▶ _Problem to work on_: Restate, exactly as written, the entries below from the line that holds "Carhartt WIP S/S" through the line that holds "Bunu başta Amerikalılar". Pictures are not part of the copy.

▶ _Input for this task_:
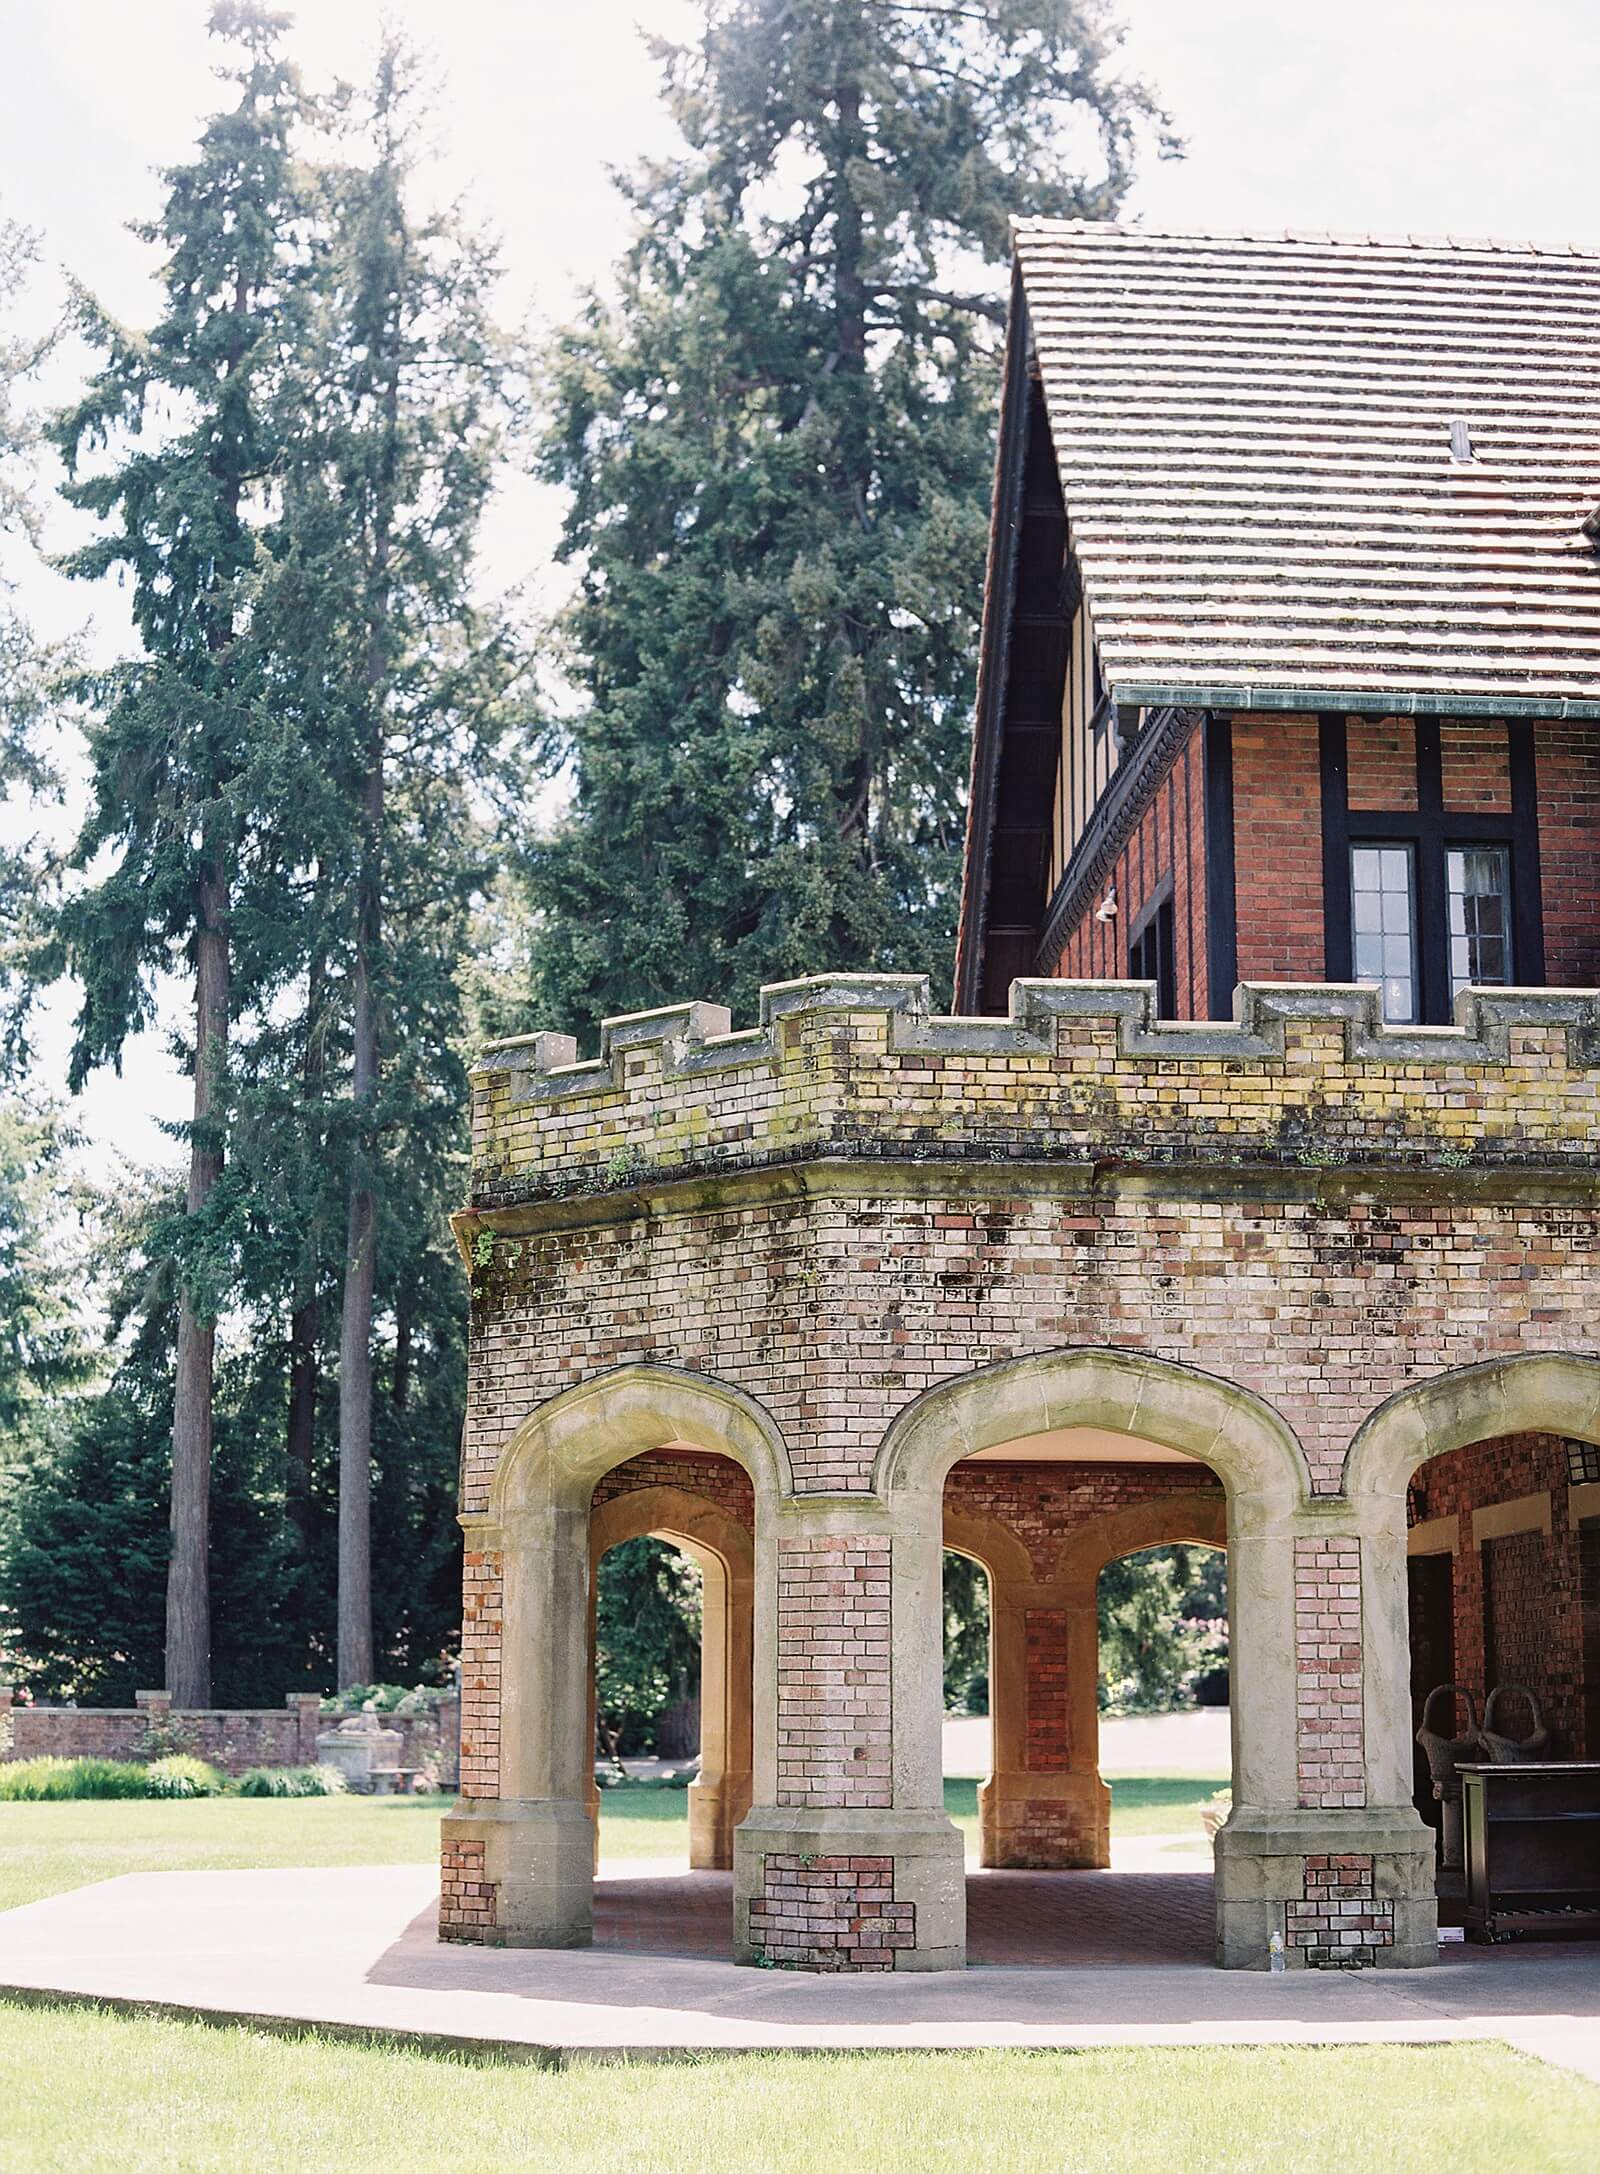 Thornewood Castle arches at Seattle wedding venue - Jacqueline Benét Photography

* * *

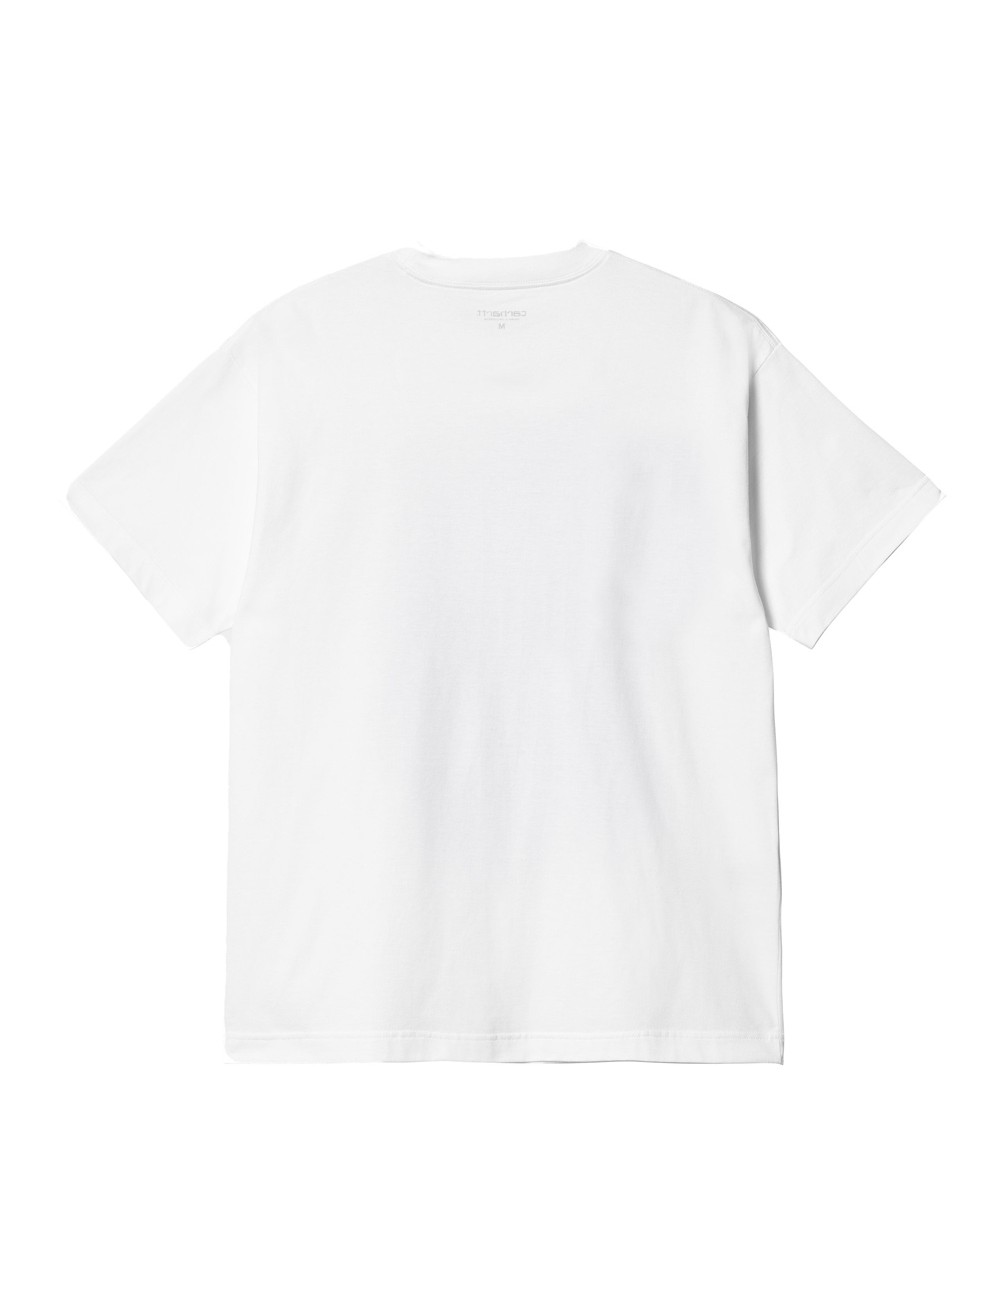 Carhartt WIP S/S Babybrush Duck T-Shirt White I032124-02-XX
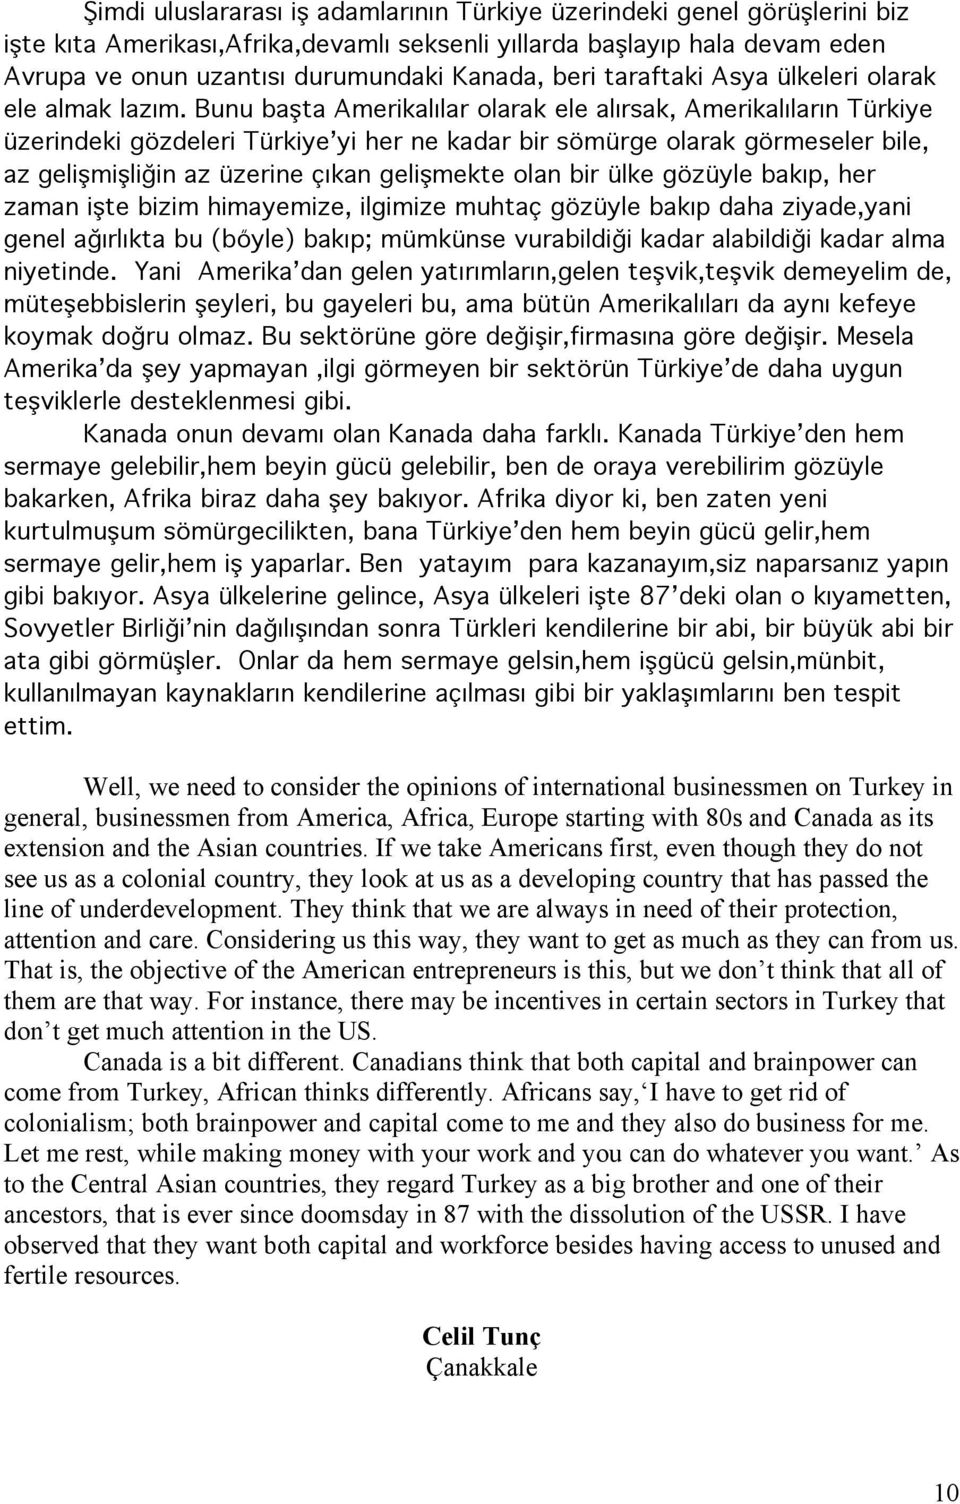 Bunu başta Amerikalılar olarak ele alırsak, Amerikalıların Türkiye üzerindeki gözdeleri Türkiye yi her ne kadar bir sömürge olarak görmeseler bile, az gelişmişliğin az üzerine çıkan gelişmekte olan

▶ _Answer below_:
 Carhartt WIP S/S Babybrush Duck T-Shirt White I032124-02-XX
 Bunu başta Amerikalılar olarak ele alırsak, Amerikalıların Türkiye üzerindeki gözdeleri Türkiye yi her ne kadar bir sömürge olarak görmeseler bile, az gelişmişliğin az üzerine çıkan gelişmekte olan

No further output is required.